Swiatem rzadzi pieniadz. Fakt ze niektore firmy nie pisza sterownikow do swojego sprzetu pod linuksa nie swiadczy o tym, ze im sie nie chce albo ze nie potrafia, tylko o tym ze redmond mogloby zle na to patrzec. Sorry, ale jezeli jakas mniejsza firma zadrze z microsoftem, to moze miec potem duze problemy. A jezeli chodzi o fakt, ze nie zawsze mozemy doczekac sie sterownikow do jakiegos typu sprzetu - fakt, aczkolwiek z reguly sa to produkty malo powszechne/niszowe. Moze kiedys byl z tym problem, ale dzis kiedy np. producentow kart graficznych jest trojka i wszyscy robia kilka modeli na krzyz, to mozna byc pewnym ze kiedy wychodzi nowa karta, to wkrotce beda i drivery.

 *Quote:*   

> Jak kogoś stac na kupowanie laptopa by go odłożyć na półke bo sie może ktoś zlituje i stery napisze i może będą dziąłały, to prosze bardzo. Może Wojtek_ poszukasz takiego laptopa i sobie kupisz. Jak sobie kupisz takiego co ci będzie leżał na półce będziesz mógł doradzać że nie ma sie czym przejmować. Bo wiesz, niektórzy kupują laptopa by cos na nim działać, z tego co widze niektórzy po to by było nie łatwo i nie przyjemnie. Coż o gustach sie nie dyskutuje.

 

Naprawde swietne podejscie.

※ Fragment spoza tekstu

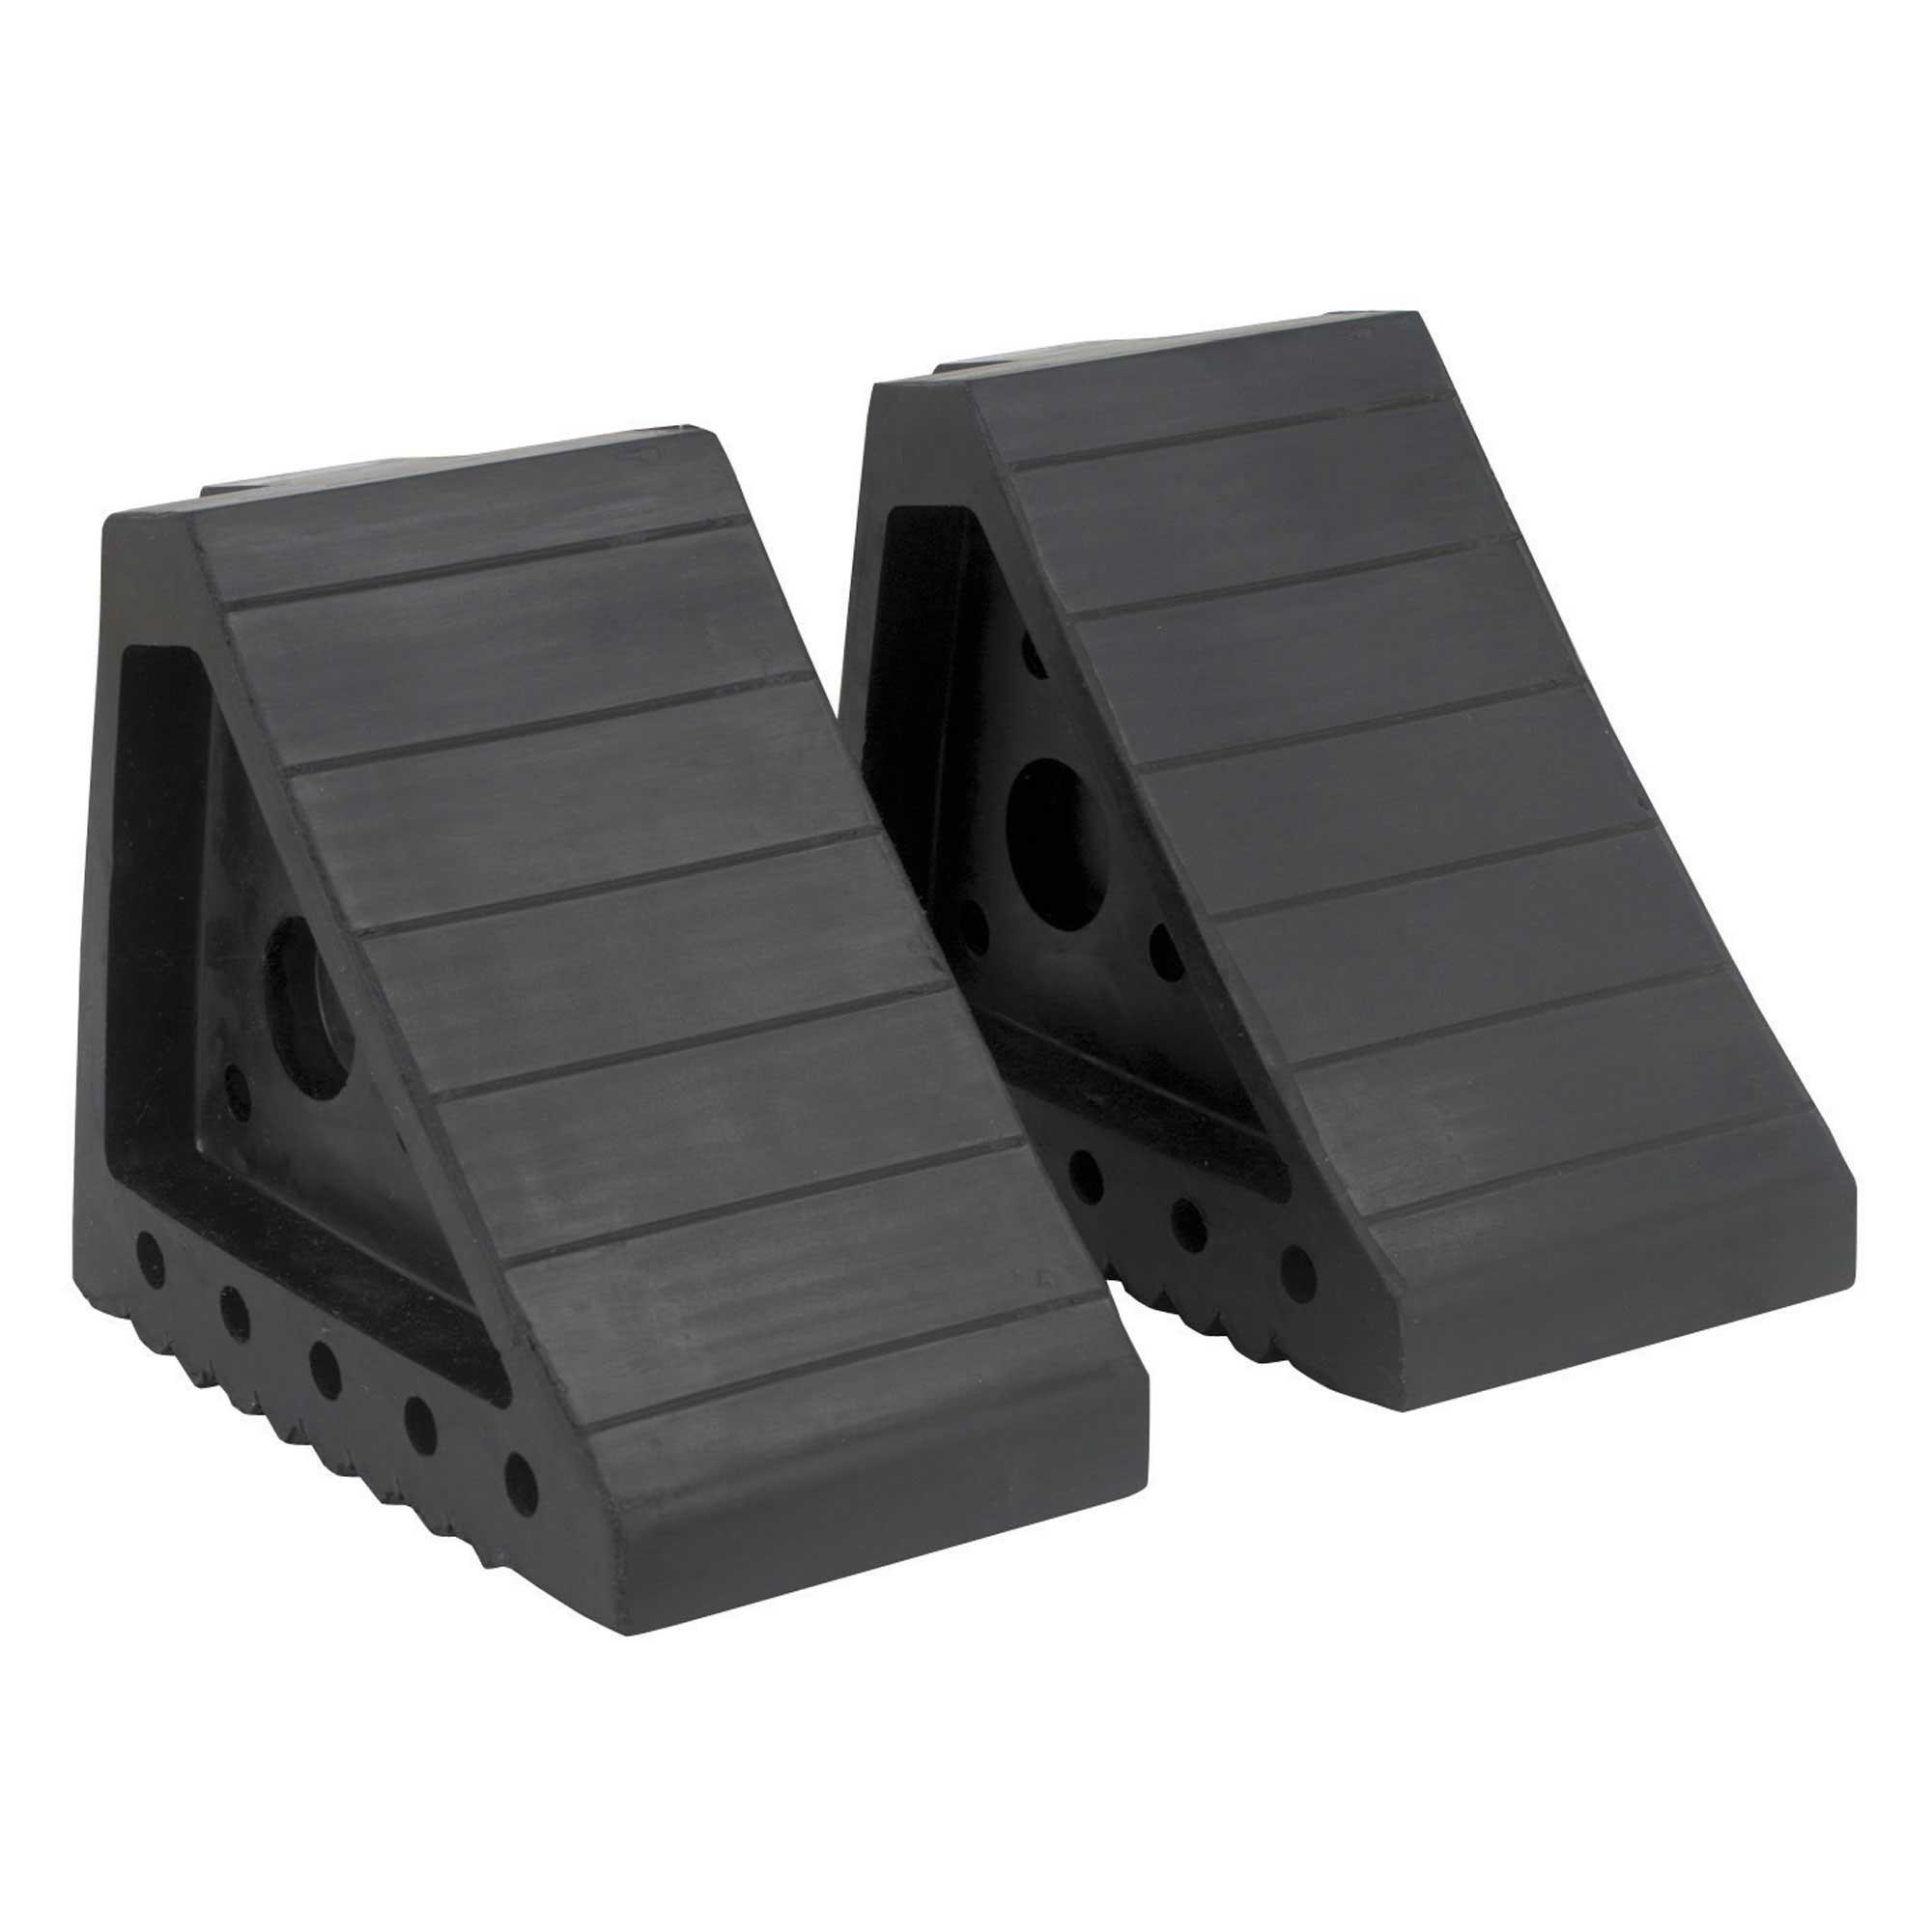 Sealey Pair Of Rubber Wheel Chocks - 4 Ton Capacity WC01

Wprost genialne! Proponuje abysmy wszyscy kupili stary (ale jary!) sprzet i nigdy go nie udoskonalali. Sorry, ale wydaje mi sie ze jezeli nie bedzie zapotrzebowania na najnowszy hardware (bo ludzie beda sie go bali kupowac), to faktycznie takie sterowniki nie beda powstawac. Koniec koncow, po paru latach linuksa bedzie mozna tylko na komputerach z poprzedniej epoki. Pana podejscie jest dla mnie kompletnie niezrozumiale, bo ono kompletnie szkodzi linuksowi - jezeli bedziemy tylko korzystac z hardware'u, o ktorym wiadomo ze jest linux-friendly, to developerzy stwierdza ze juz nic nie trzeba poprawiac i projekt stanie w miejscu. A kto bedzie wtedy chcial w ogole spojrzec na system, ktory dziala tylko na starych komputerach...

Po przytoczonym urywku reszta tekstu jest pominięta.